* [Your instructions]
Leave the pictures out and return every line below exactly.

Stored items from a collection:

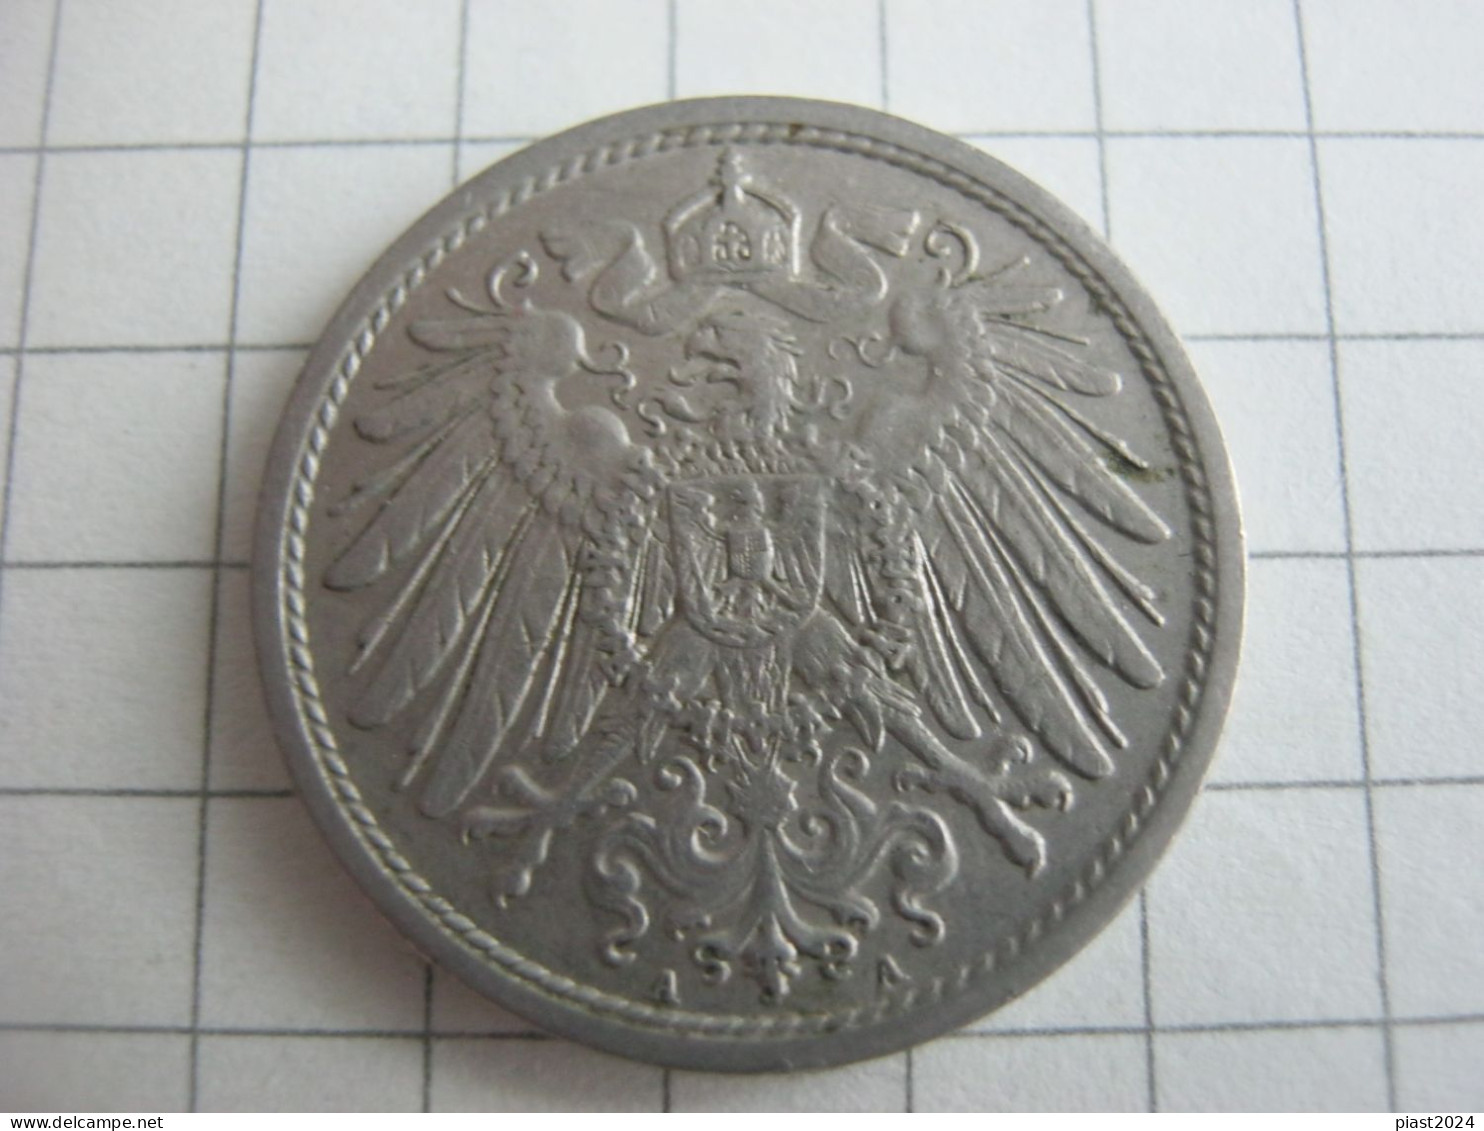 Germany 10 Pfennig 1913 A - 10 Pfennig
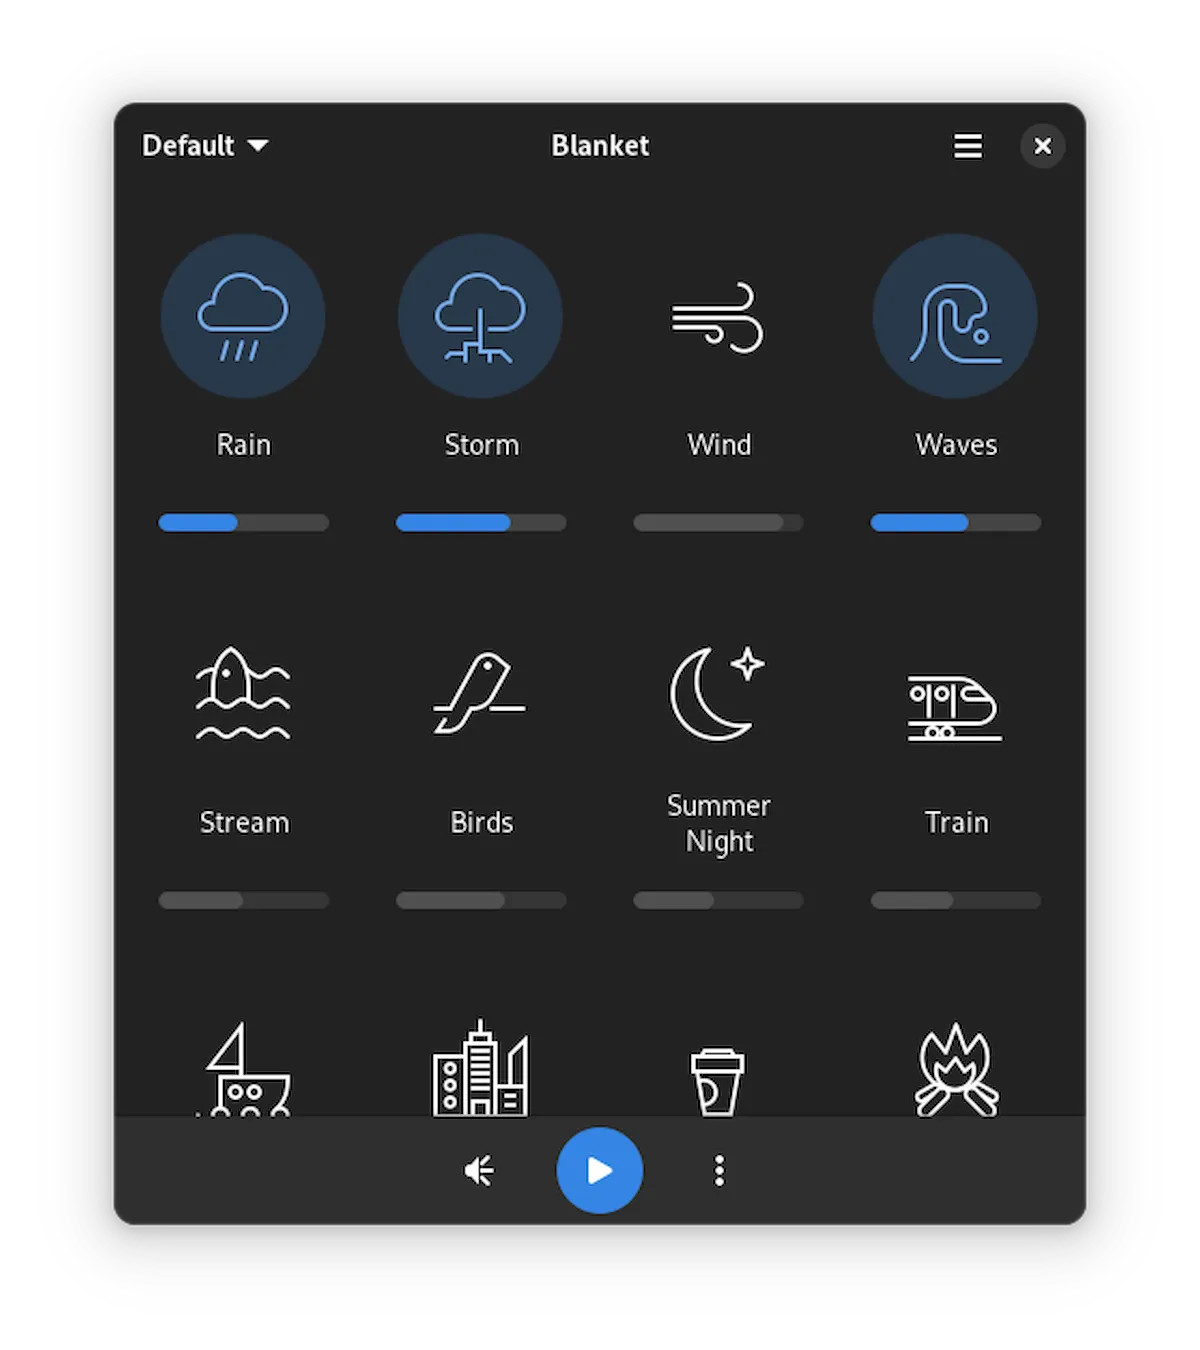 Blanket 0.7.0 lançado com um novo visual calmante, e mais
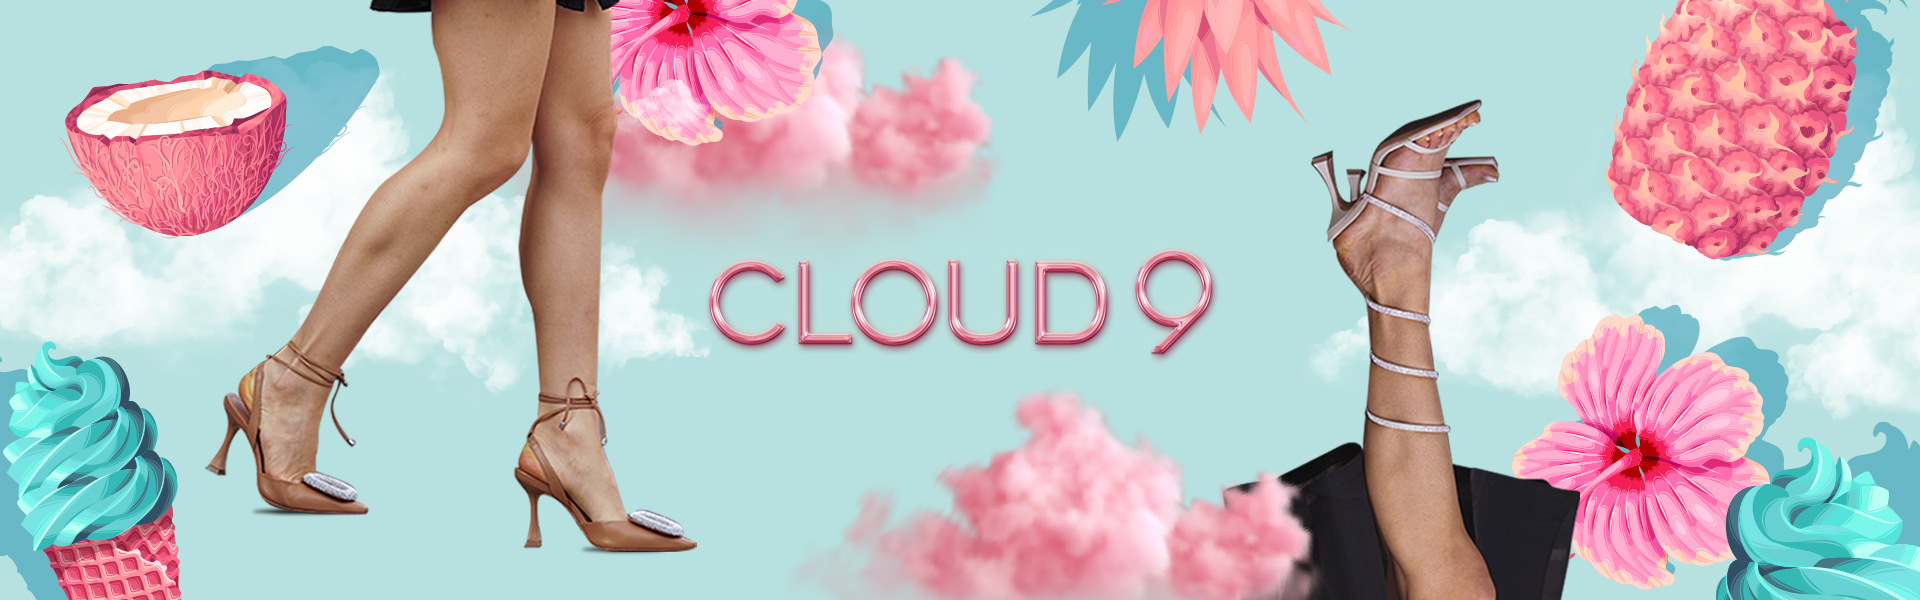 Cloud9_main_baner
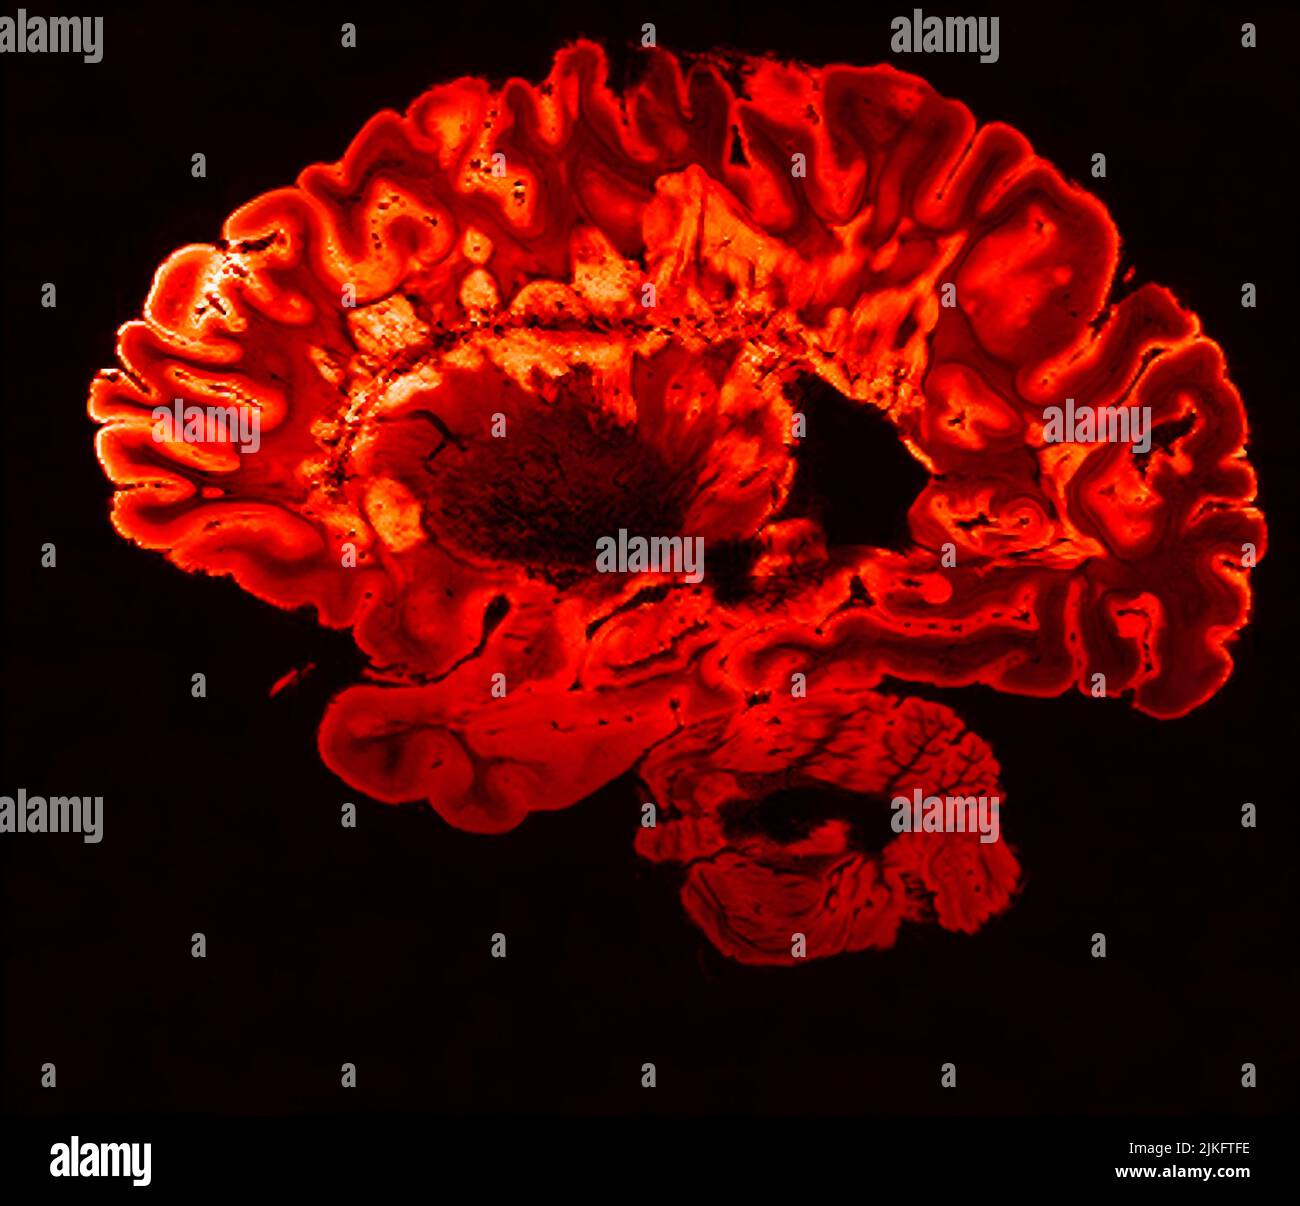 Dies ist ein pseudo-farbiger Bildausschnitt eines hochauflösenden Gradientenecho-MRT einer festen Gehirnhemisphäre einer Person mit multipler Sklerose. Stockfoto
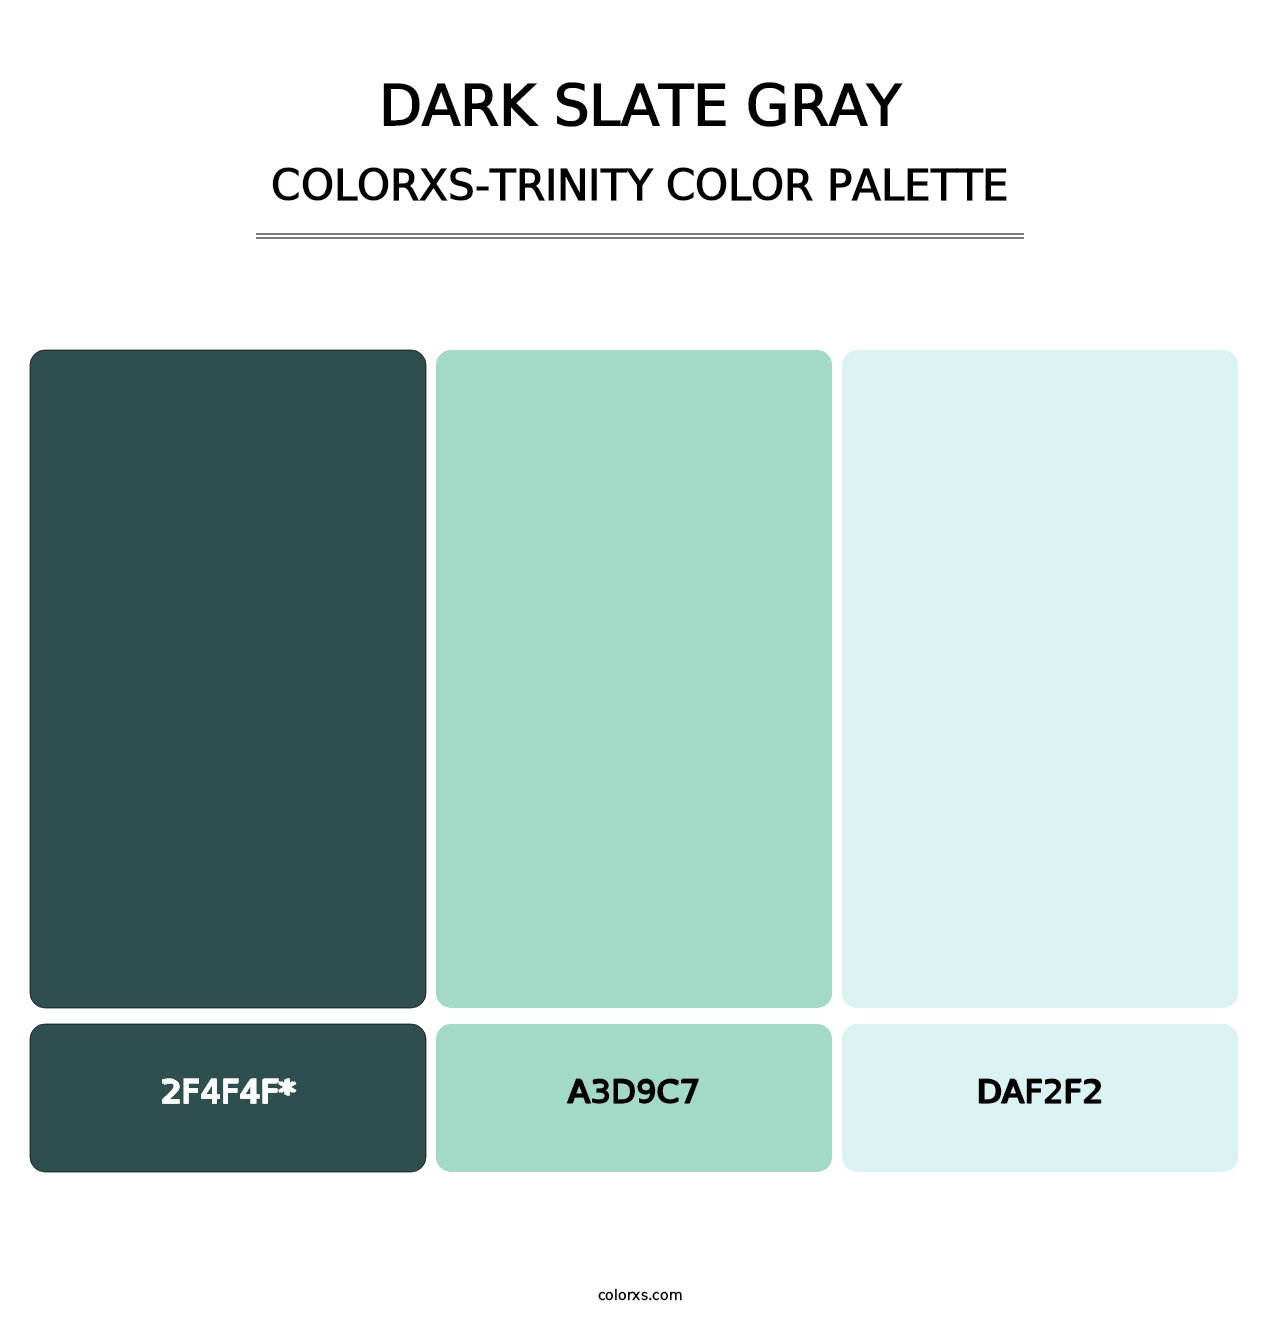 Dark Slate Gray - Colorxs Trinity Palette

* [Result]
 Germany 10 Pfennig 1913 A - 10 Pfennig
 Blanket 0.7.0 lançado com um novo visual calmante, e mais
 Cloud9_main_baner
 Dies ist ein pseudo-farbiger Bildausschnitt eines hochauflösenden Gradientenecho-MRT einer festen Gehirnhemisphäre einer Person mit multipler Sklerose. Stockfoto
 Dark Slate Gray - Colorxs Trinity Palette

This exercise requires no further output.